Projektodawca proponuje, aby wybór 15 sędziów wchodzących w skład KRS (KRS składa się z 25 członków) powierzyć Sejmowi. W ocenie HFPC Sejm nie jest organem reprezentującym sędziów ani sądy, stąd też zaproponowana procedura nie ma możliwości „urzeczywistnienia zasady reprezentatywności”. Z rekomendacji Rady Ministrów Rady Europy z 2010 r. wynika, że rady sądownicze powinny składać się przynajmniej w połowie z sędziów wybieranych przez innych sędziów spośród wszystkich szczebli sądów z uwzględnieniem zasady pluralizmu wewnątrz sądownictwa.
- Granice kompetencji »wyborczych« Sejmu względem Krajowej Rady Sądownictwa określa Konstytucja, która wskazuje, że Sejm wybiera do KRS czterech przedstawicieli – podkreśla Barbara Grabowska-Moroz, prawniczka HFPC. - Można spodziewać się, że sędziowie wyrażający publiczną krytykę działań władzy ustawodawczej nie zostaną wybrani na członków KRS. Tym samym stopień niezależności i krytycyzmu KRS może zostać obniżony – dodaje Barbara Grabowska-Moroz.
Projekt przewiduje również skrócenie kadencji sędziów, którzy obecnie są członkami KRS. W ocenie HFPC celem tej regulacji jest dążenie do wyciszenia krytyki działań władzy publicznej wyrażanej przez Radę, zaś wskazane uzasadnienie – zmiana trybu wyboru członków KRS – jest jedynie pretekstem mającym to umożliwić.

Niekonstytucyjny nowy tryb powoływania sędziów
Projekt zakłada również, że procedura powoływania sędziów przez Krajową Radę Sądownictwa będzie realizowana w formie dwóch zgromadzeń – pierwszego, składającego się w większości z polityków,  a drugiego – złożonego z sędziów wybranych przez polityków. Zdaniem autorów opinii, takie rozwiązanie również narusza Konstytucję, ponieważ wykracza poza ramy działania KRS wyznaczone przez Konstytucję. - Analogicznie, ustawodawca zwykły nie może – bez zmiany Konstytucji – zorganizować pracy Trybunału Konstytucyjnego w dwóch izbach, mimo iż takie rozwiązanie funkcjonuje np. w Niemczech – wskazuje Barbara Grabowska-Moroz.

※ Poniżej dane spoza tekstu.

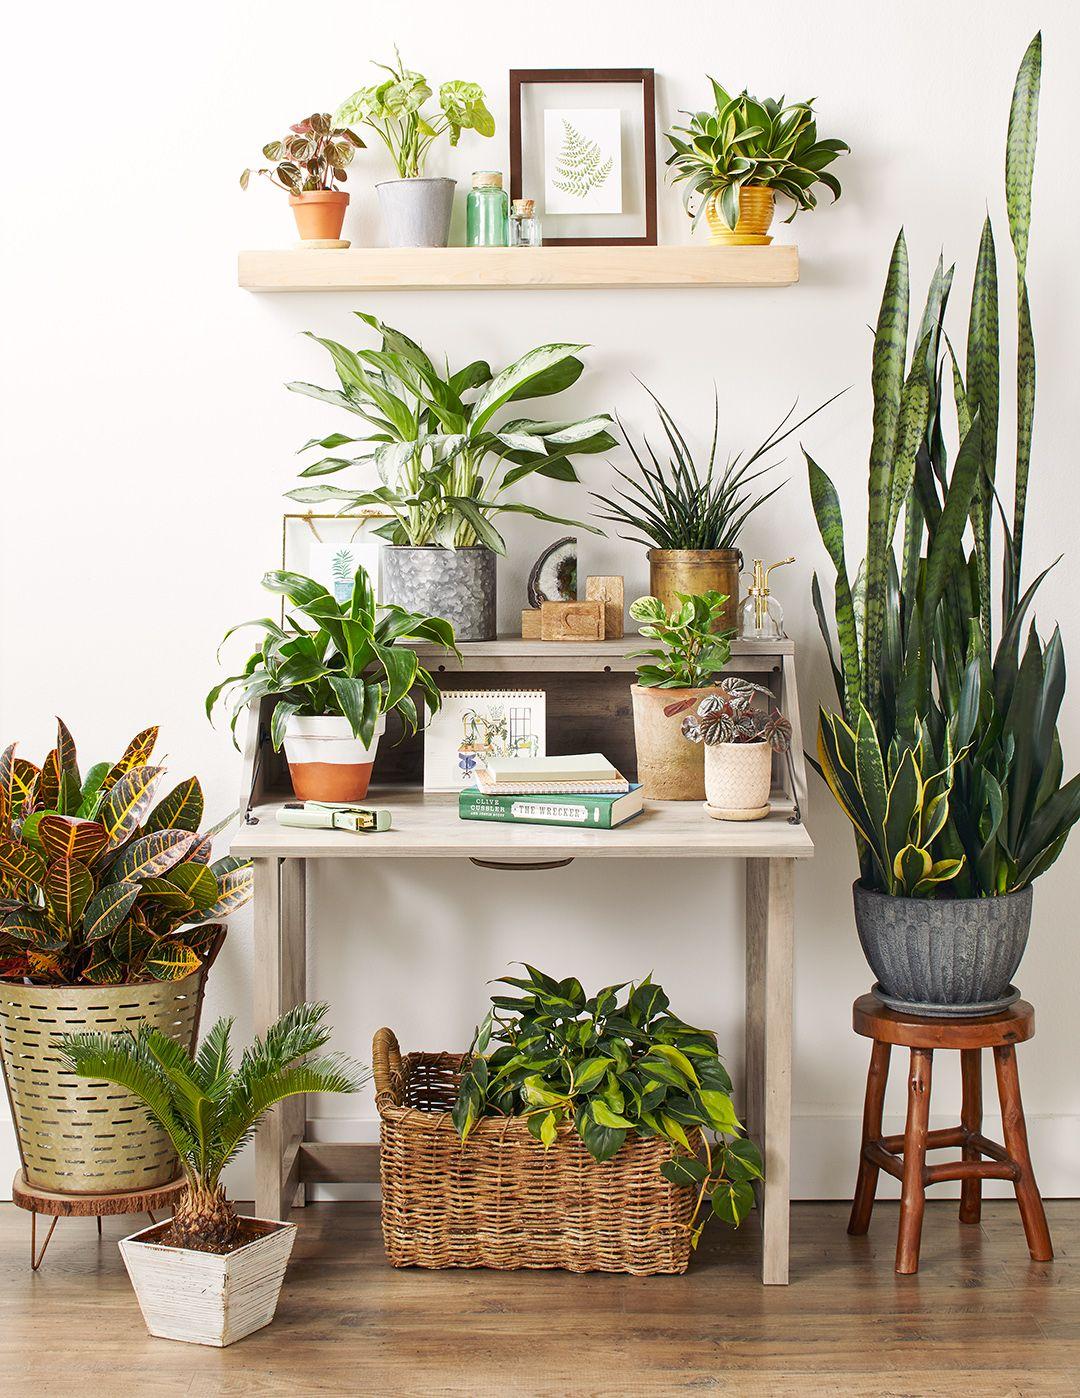 2f1ba25e44187cf200259e7082cd5490 - Better Homes And Gardens Potted Plants Ideas

Prezydent „powołuje”, nie „wybiera”
Projekt przewiduje również, że w przypadku zgłoszenia na stanowisko sędziowskie więcej niż jednego kandydata, Rada przedstawia Prezydentowi RP co najmniej dwóch kandydatów wraz z wnioskiem o powołanie do pełnienia urzędu sędziego. Prezydent uzyska tym samym prawo do „wyboru” sędziego, mimo iż Konstytucja mówi jedynie o prawie „powołania” sędziego przez Prezydenta. Jak zawuważają autorzy opinii, projekt ustawy nie przyznaje Prezydentowi żadnych narzędzi, które pozwalałyby mu na weryfikację i ocenę kandydatur przedstawianych przez Krajową Radę Sądownictwa.